■ **Data in this exercise**:
----
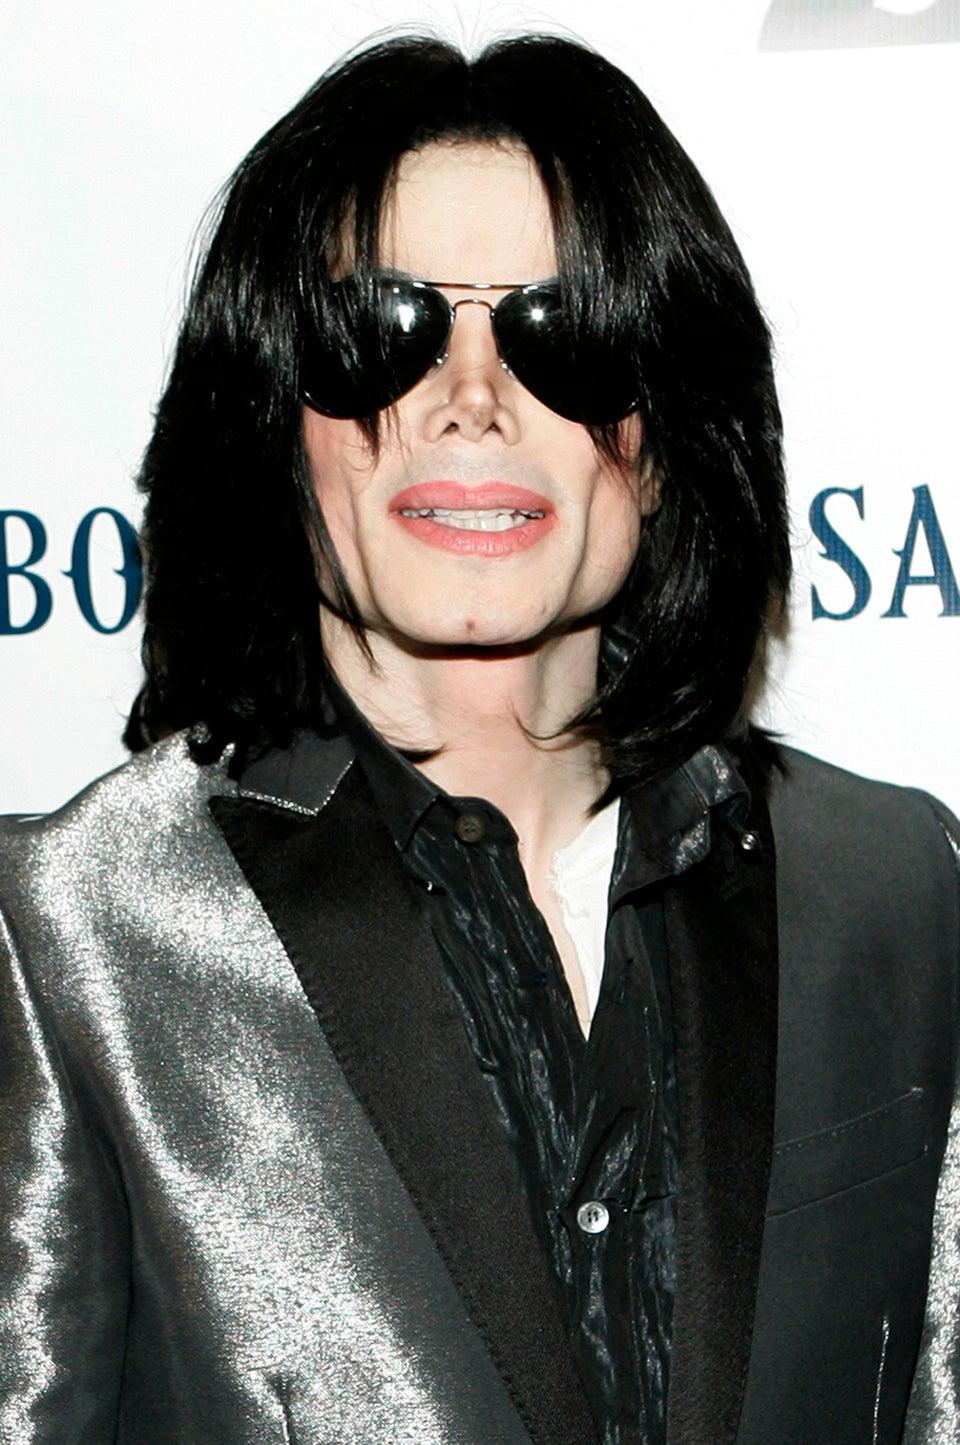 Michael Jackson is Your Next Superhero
----
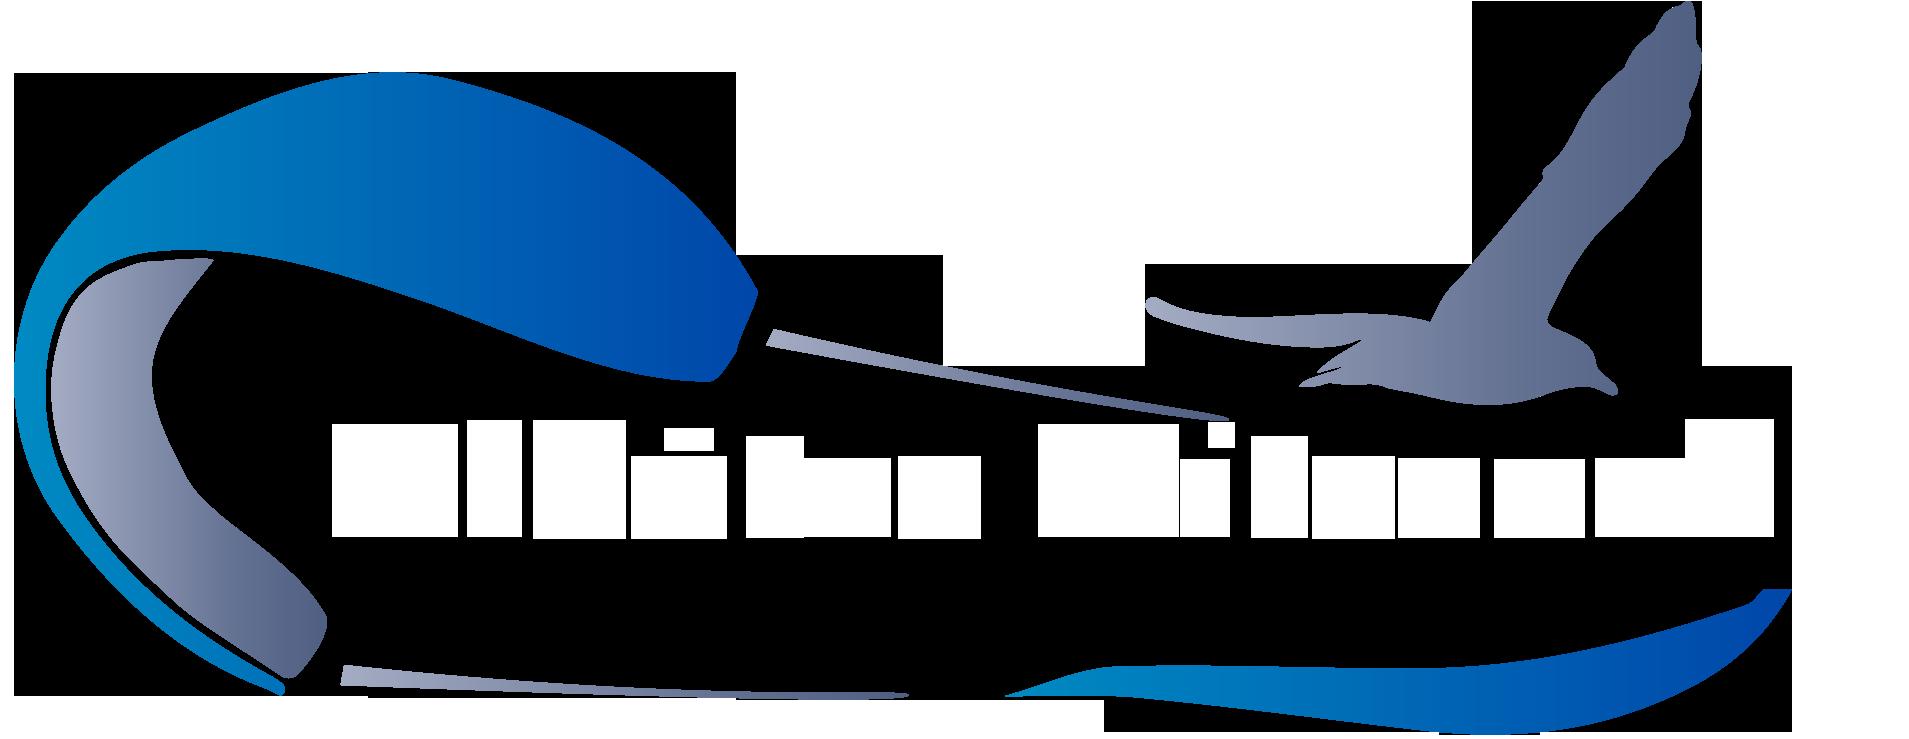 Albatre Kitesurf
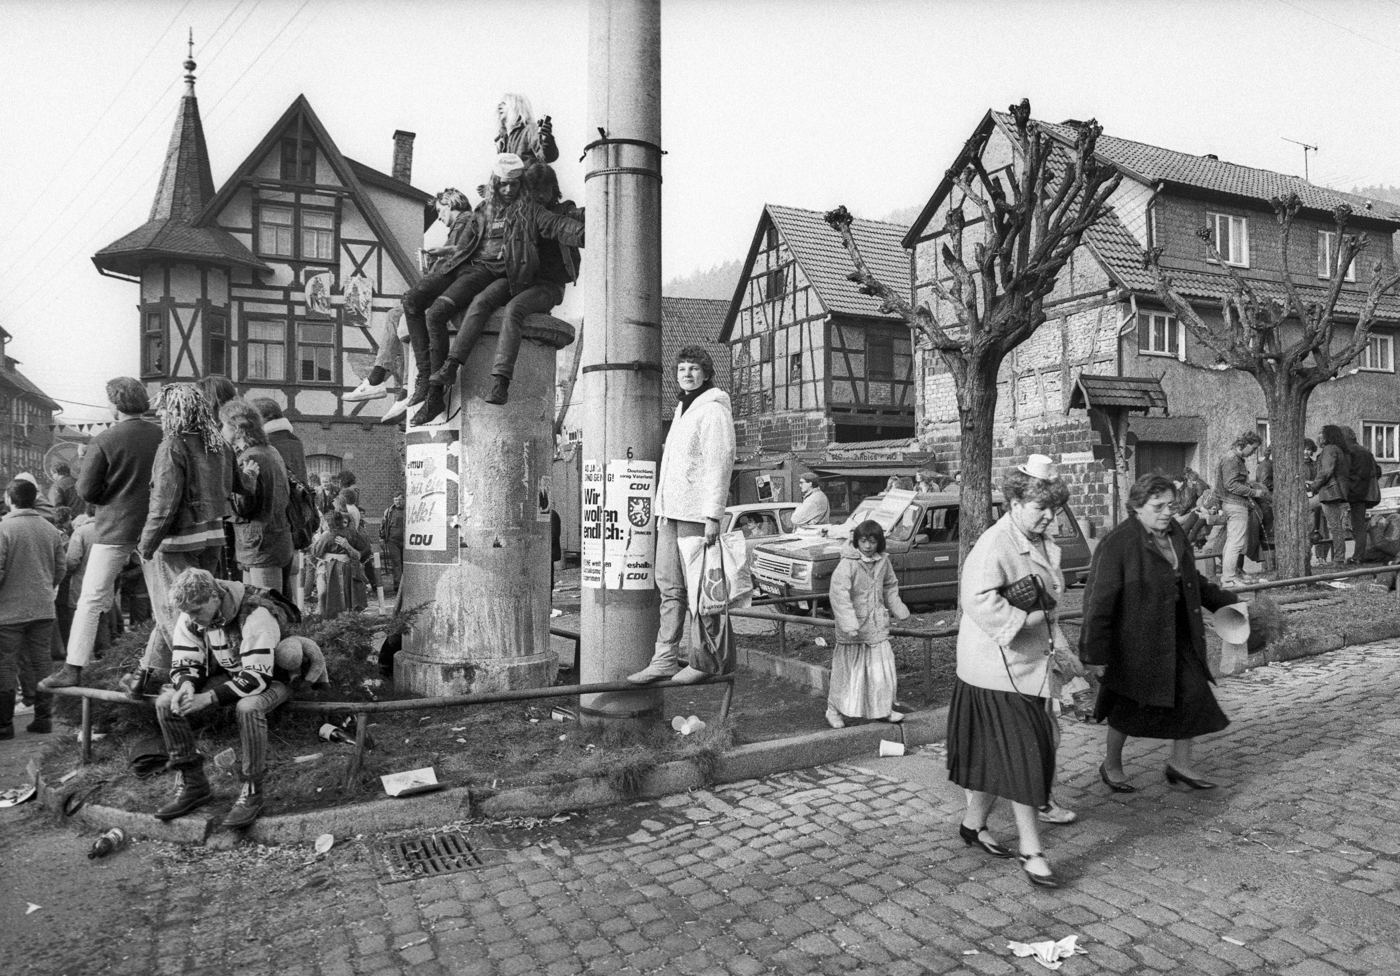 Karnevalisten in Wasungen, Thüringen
----
■ **About this exercise**: Reproduce exactly the lines above that run from the one with "Albatre Kitesurf" to the one with "Karnevalisten in Wasungen, Thüringen", both included, leaving pictures out.

■ **Answer for this exercise**:
 Albatre Kitesurf
 Karnevalisten in Wasungen, Thüringen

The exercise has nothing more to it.